BEGIN

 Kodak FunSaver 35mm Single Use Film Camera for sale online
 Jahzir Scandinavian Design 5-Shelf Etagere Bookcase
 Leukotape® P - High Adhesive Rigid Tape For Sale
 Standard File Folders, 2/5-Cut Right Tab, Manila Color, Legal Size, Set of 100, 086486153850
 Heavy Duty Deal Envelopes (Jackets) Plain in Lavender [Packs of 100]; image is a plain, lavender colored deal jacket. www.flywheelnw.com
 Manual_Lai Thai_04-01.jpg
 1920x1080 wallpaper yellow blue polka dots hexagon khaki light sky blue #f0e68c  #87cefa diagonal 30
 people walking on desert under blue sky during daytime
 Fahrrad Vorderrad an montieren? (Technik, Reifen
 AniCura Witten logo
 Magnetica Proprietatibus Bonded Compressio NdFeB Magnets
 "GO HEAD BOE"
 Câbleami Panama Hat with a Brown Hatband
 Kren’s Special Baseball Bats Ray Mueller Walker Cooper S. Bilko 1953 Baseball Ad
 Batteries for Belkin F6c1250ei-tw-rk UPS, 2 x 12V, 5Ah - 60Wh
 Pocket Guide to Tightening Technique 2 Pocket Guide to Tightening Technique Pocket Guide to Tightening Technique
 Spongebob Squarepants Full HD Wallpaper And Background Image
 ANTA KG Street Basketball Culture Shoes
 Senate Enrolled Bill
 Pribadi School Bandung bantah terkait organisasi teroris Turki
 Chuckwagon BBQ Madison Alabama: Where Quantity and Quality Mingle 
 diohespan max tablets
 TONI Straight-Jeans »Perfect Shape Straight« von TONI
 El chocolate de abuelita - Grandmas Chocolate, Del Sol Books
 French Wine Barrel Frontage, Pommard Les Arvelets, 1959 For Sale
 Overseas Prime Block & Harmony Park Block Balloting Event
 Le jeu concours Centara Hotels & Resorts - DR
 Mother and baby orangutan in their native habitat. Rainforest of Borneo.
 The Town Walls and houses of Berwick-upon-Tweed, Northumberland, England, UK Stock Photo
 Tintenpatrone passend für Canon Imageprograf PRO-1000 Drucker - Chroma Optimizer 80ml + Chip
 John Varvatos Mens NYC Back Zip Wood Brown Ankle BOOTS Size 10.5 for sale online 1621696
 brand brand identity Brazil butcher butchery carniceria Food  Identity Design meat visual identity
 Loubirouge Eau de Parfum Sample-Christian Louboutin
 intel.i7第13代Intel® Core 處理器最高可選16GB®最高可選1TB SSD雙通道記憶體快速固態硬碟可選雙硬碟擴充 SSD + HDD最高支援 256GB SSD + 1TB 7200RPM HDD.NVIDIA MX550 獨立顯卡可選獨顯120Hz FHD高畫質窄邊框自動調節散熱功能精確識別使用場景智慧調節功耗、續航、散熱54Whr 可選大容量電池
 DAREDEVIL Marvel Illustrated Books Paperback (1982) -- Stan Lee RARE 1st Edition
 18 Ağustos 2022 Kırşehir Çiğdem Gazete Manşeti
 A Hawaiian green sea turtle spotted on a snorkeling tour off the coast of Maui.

END

**PROBLEM DETAILS**
The listing above must be transcribed exactly, line by line.

**RESPONSE**
 Kodak FunSaver 35mm Single Use Film Camera for sale online
 Jahzir Scandinavian Design 5-Shelf Etagere Bookcase
 Leukotape® P - High Adhesive Rigid Tape For Sale
 Standard File Folders, 2/5-Cut Right Tab, Manila Color, Legal Size, Set of 100, 086486153850
 Heavy Duty Deal Envelopes (Jackets) Plain in Lavender [Packs of 100]; image is a plain, lavender colored deal jacket. www.flywheelnw.com
 Manual_Lai Thai_04-01.jpg
 1920x1080 wallpaper yellow blue polka dots hexagon khaki light sky blue #f0e68c  #87cefa diagonal 30
 people walking on desert under blue sky during daytime
 Fahrrad Vorderrad an montieren? (Technik, Reifen
 AniCura Witten logo
 Magnetica Proprietatibus Bonded Compressio NdFeB Magnets
 "GO HEAD BOE"
 Câbleami Panama Hat with a Brown Hatband
 Kren’s Special Baseball Bats Ray Mueller Walker Cooper S. Bilko 1953 Baseball Ad
 Batteries for Belkin F6c1250ei-tw-rk UPS, 2 x 12V, 5Ah - 60Wh
 Pocket Guide to Tightening Technique 2 Pocket Guide to Tightening Technique Pocket Guide to Tightening Technique
 Spongebob Squarepants Full HD Wallpaper And Background Image
 ANTA KG Street Basketball Culture Shoes
 Senate Enrolled Bill
 Pribadi School Bandung bantah terkait organisasi teroris Turki
 Chuckwagon BBQ Madison Alabama: Where Quantity and Quality Mingle 
 diohespan max tablets
 TONI Straight-Jeans »Perfect Shape Straight« von TONI
 El chocolate de abuelita - Grandmas Chocolate, Del Sol Books
 French Wine Barrel Frontage, Pommard Les Arvelets, 1959 For Sale
 Overseas Prime Block & Harmony Park Block Balloting Event
 Le jeu concours Centara Hotels & Resorts - DR
 Mother and baby orangutan in their native habitat. Rainforest of Borneo.
 The Town Walls and houses of Berwick-upon-Tweed, Northumberland, England, UK Stock Photo
 Tintenpatrone passend für Canon Imageprograf PRO-1000 Drucker - Chroma Optimizer 80ml + Chip
 John Varvatos Mens NYC Back Zip Wood Brown Ankle BOOTS Size 10.5 for sale online 1621696
 brand brand identity Brazil butcher butchery carniceria Food  Identity Design meat visual identity
 Loubirouge Eau de Parfum Sample-Christian Louboutin
 intel.i7第13代Intel® Core 處理器最高可選16GB®最高可選1TB SSD雙通道記憶體快速固態硬碟可選雙硬碟擴充 SSD + HDD最高支援 256GB SSD + 1TB 7200RPM HDD.NVIDIA MX550 獨立顯卡可選獨顯120Hz FHD高畫質窄邊框自動調節散熱功能精確識別使用場景智慧調節功耗、續航、散熱54Whr 可選大容量電池
 DAREDEVIL Marvel Illustrated Books Paperback (1982) -- Stan Lee RARE 1st Edition
 18 Ağustos 2022 Kırşehir Çiğdem Gazete Manşeti
 A Hawaiian green sea turtle spotted on a snorkeling tour off the coast of Maui.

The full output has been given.